Exercise brief:
Output, exactly as written, the lines below starting at the line containing "LEGO 21319 Central Perk Minifigures" and ending at the line containing "#INFOGRAPHIC: Why Innovation". Drop the pictures and keep both end lines.

Excerpted records:
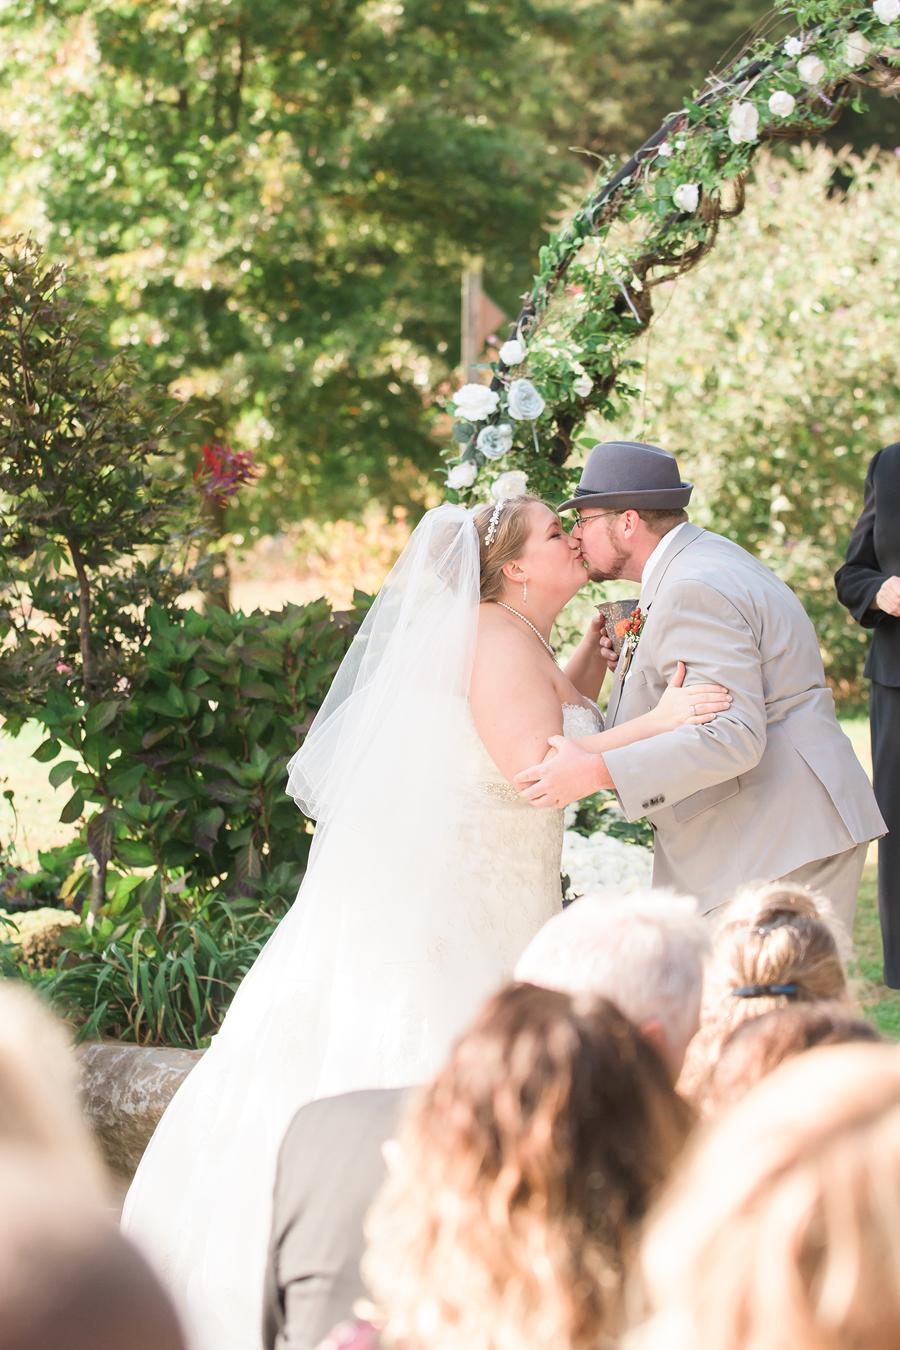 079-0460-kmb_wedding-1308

==

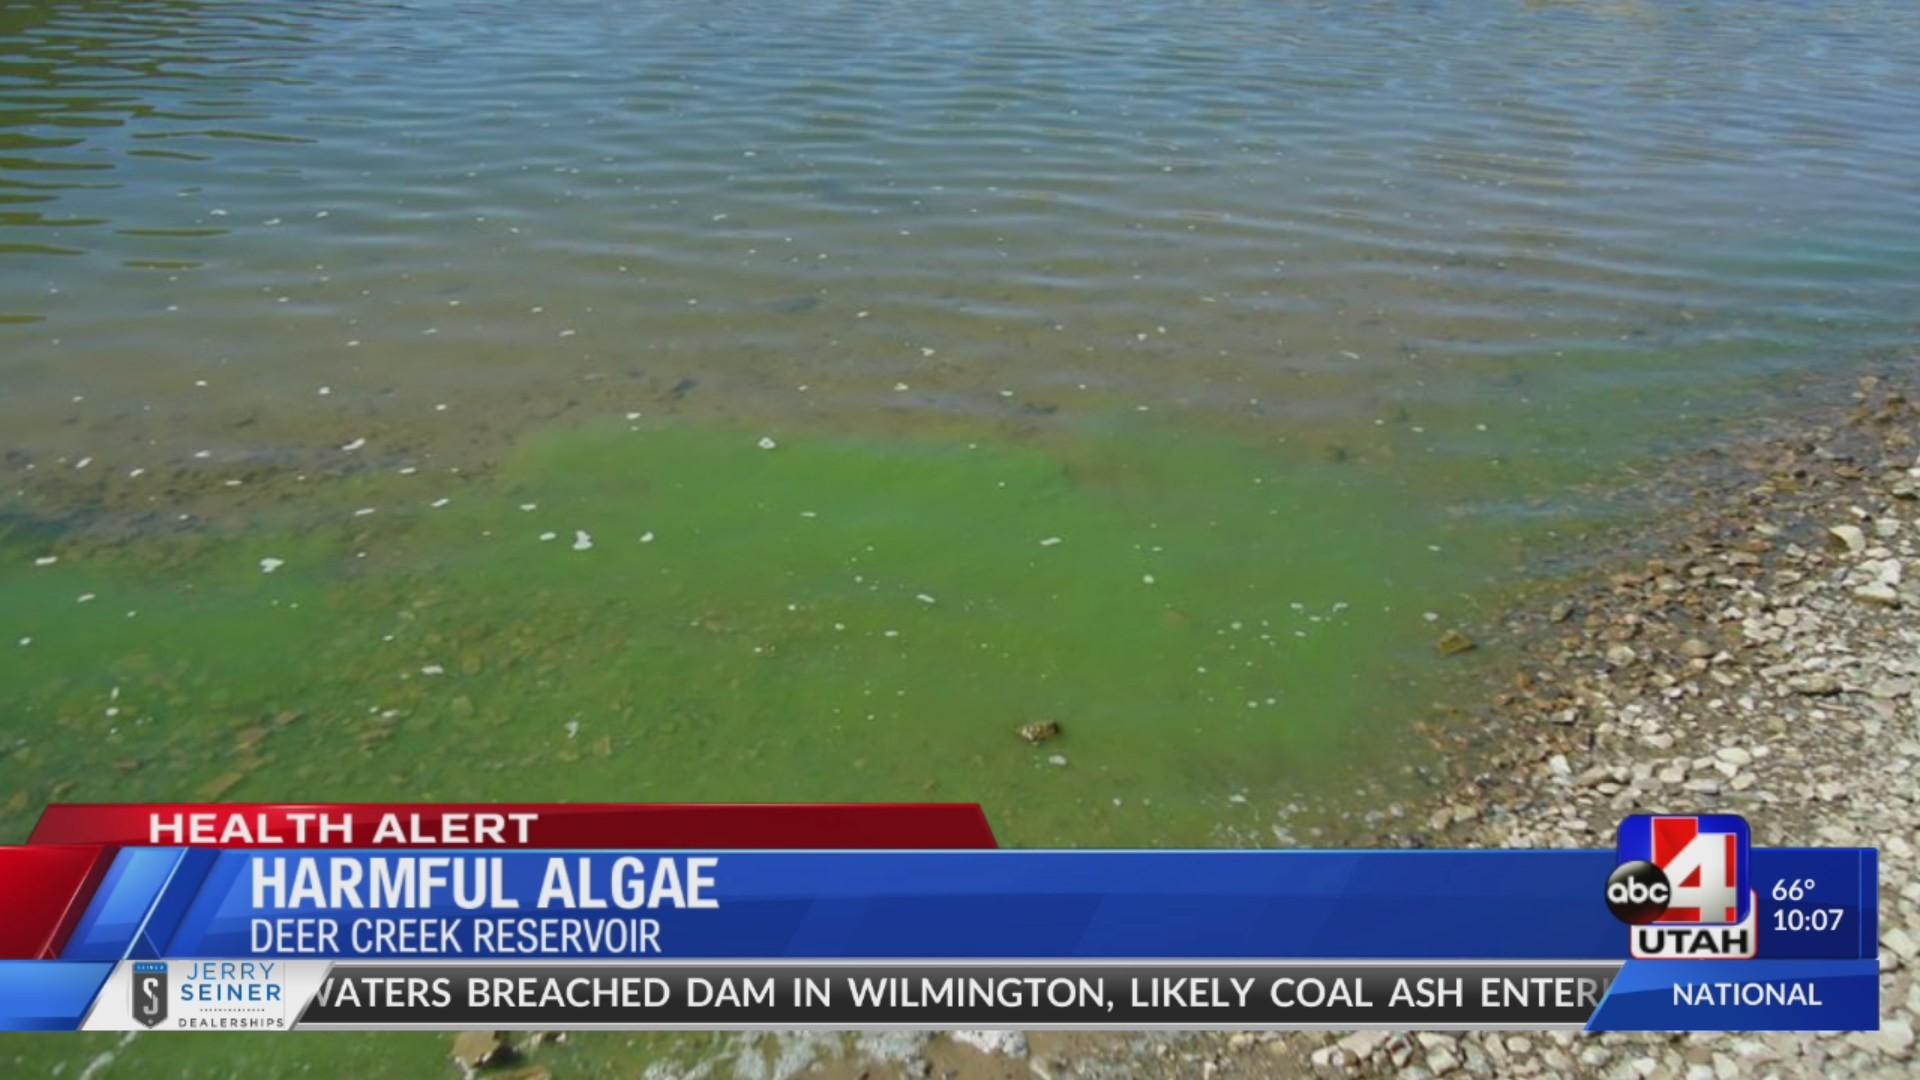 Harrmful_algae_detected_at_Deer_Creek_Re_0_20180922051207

...

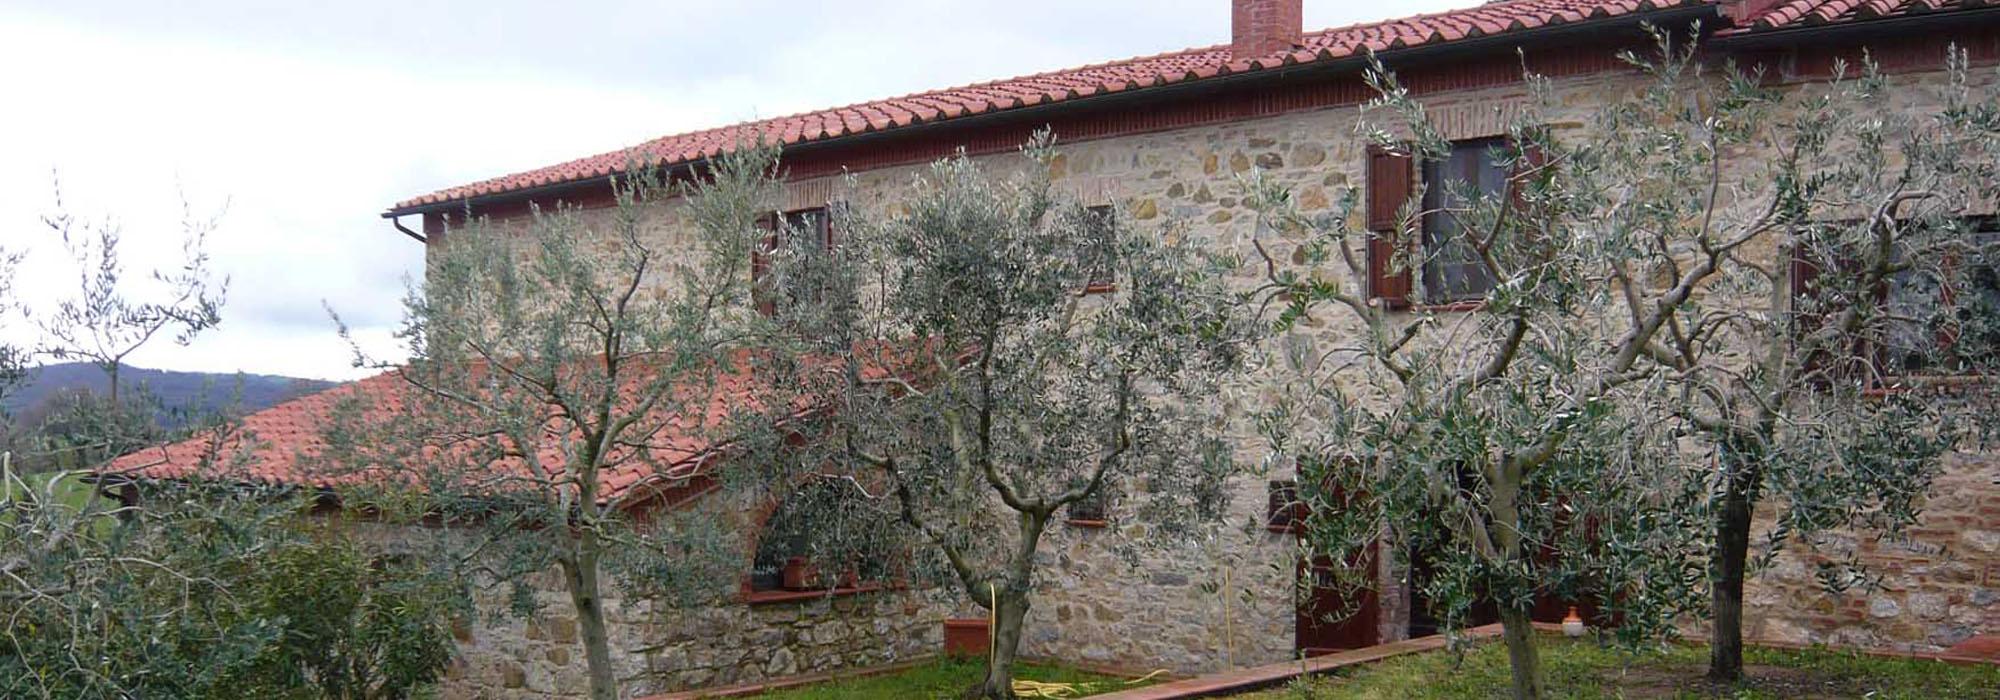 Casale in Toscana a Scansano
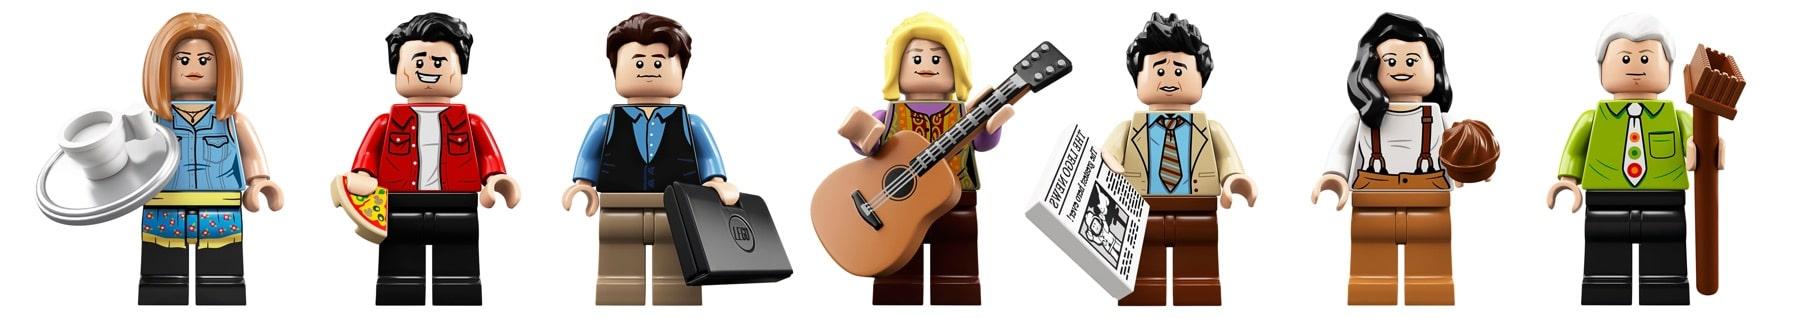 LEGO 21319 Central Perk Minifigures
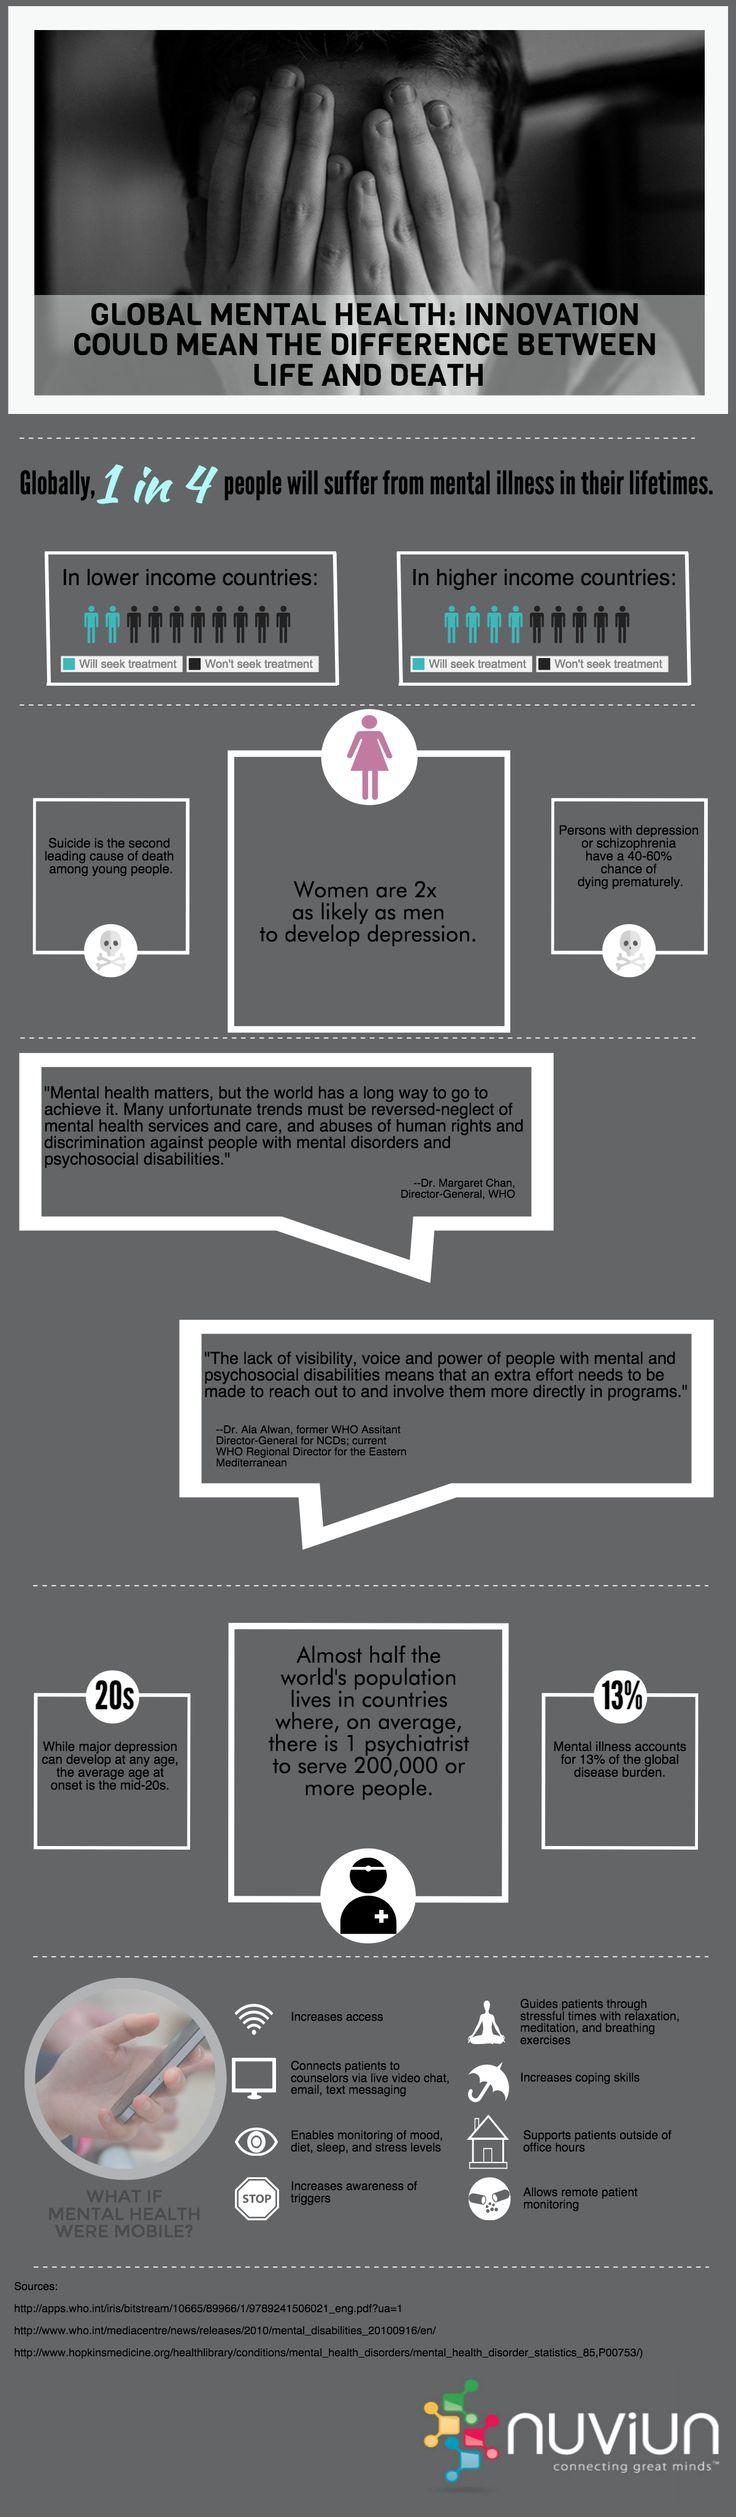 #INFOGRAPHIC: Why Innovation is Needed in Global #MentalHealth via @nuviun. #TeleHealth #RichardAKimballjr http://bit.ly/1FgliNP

Result:
 LEGO 21319 Central Perk Minifigures
 #INFOGRAPHIC: Why Innovation is Needed in Global #MentalHealth via @nuviun. #TeleHealth #RichardAKimballjr http://bit.ly/1FgliNP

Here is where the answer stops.